I am a long-standing holder of Abcam (ABC) and have been very happy with my investment – a compound annual return of 33% p.a. since I first purchased the shares in 2006 according to Sharescope. But the notice of this year’s AGM (to be held in Cambridge as normal) has made me unhappy for other reasons.

Firstly, I tried to vote. Rather than use the paper proxy voting form (I am on the register so I get one) I thought it would be easy to do so electronically using the Equiniti ShareVote service. Even though there were no obvious instructions on the paperwork, I found the web site, entered the required three pieces of id information, and pressed submit. But it would not accept it because I have a pop-up blocker turned on. Grrr…..

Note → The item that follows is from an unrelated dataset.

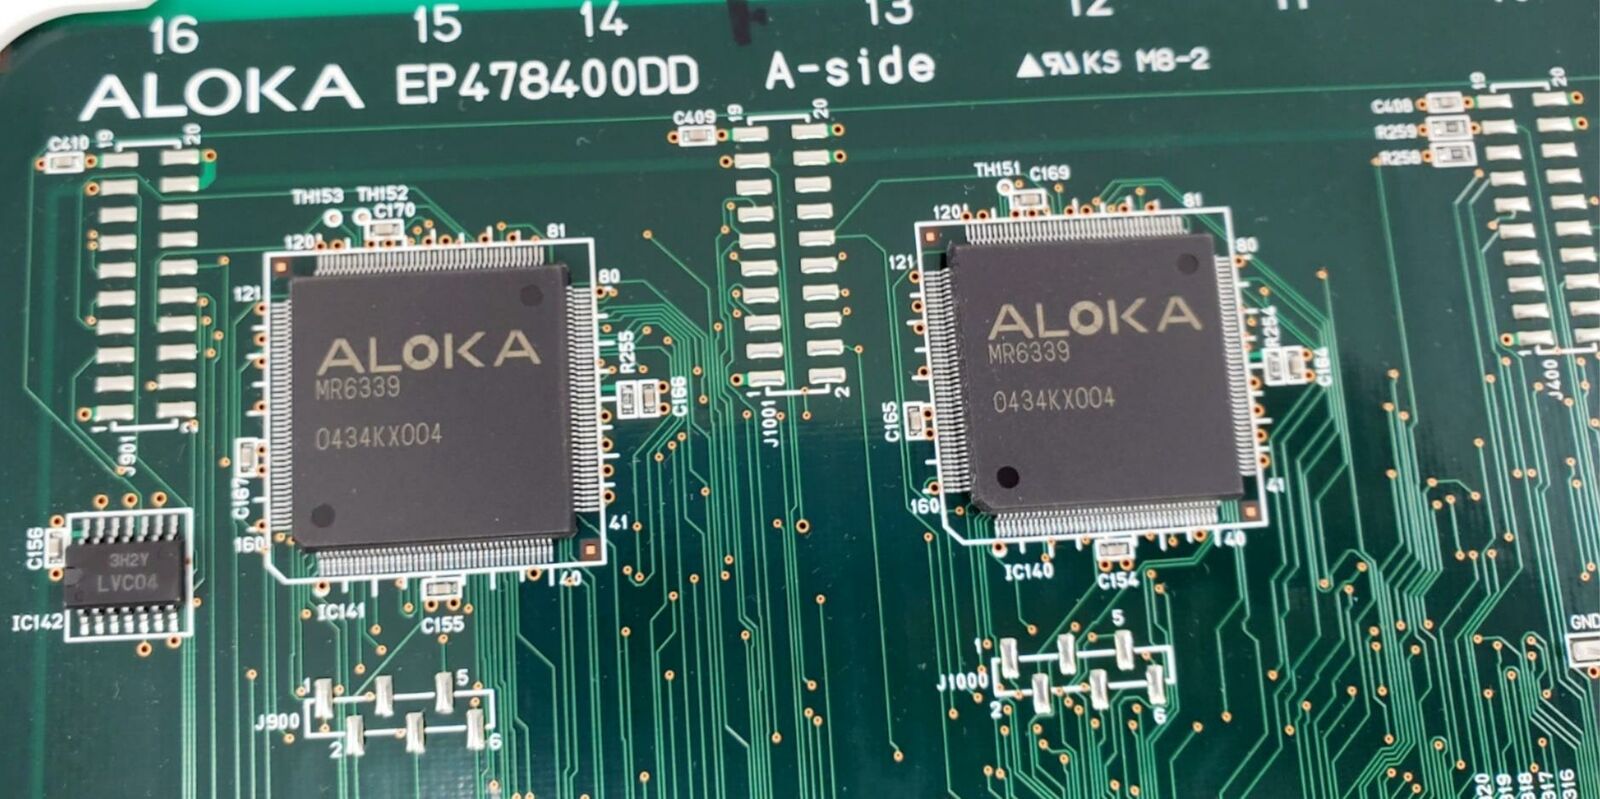 Aloka SSD-4000 Prosound Ultrasound Assembly Board EP4784000DD A-Side DIAGNOSTIC ULTRASOUND MACHINES FOR SALE

Why do companies and their registrars make it so difficult to vote? They will be wasting money now because I will use the pre-paid voting card instead.

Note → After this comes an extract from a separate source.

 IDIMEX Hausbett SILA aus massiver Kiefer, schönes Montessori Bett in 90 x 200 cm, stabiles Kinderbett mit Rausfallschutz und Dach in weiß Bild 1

I then studied the resolutions:

  • Remuneration too high and the usual horribly complex mix of bonuses and LTIPs – but I told them that at the 2015 AGM. The only saving grace is that as an AIM company they don’t need to disclose all the information or have a vote on it, so it was good of them to do so. But I will be voting against the Remuneration Report.
  • What also attracted my attention is the presence of three non-executive directors (other than the former CEO) who are all women. One is the Chair of the Remuneration Committee so she gets a vote against for that reason alone. But all three have numerous other jobs/roles which exceed the ShareSoc guidelines and some seem to have little relevant experience of the markets in which Abcam operates. So I am voting against all three. Now I know that experienced female non-executives to fill public company boards are in short supply now that everyone wants to be “gender” balanced, so such ladies can line up numerous jobs with ease. But this is simply not good enough.

This is of course the result of the “box ticking” syndrome to keep the institutional shareholders and proxy voting advisors happy. But no non-executive director can do a good job if they have more than 4 or 5 positions.

I think I will have to attend the AGM again this year to make some of the above points.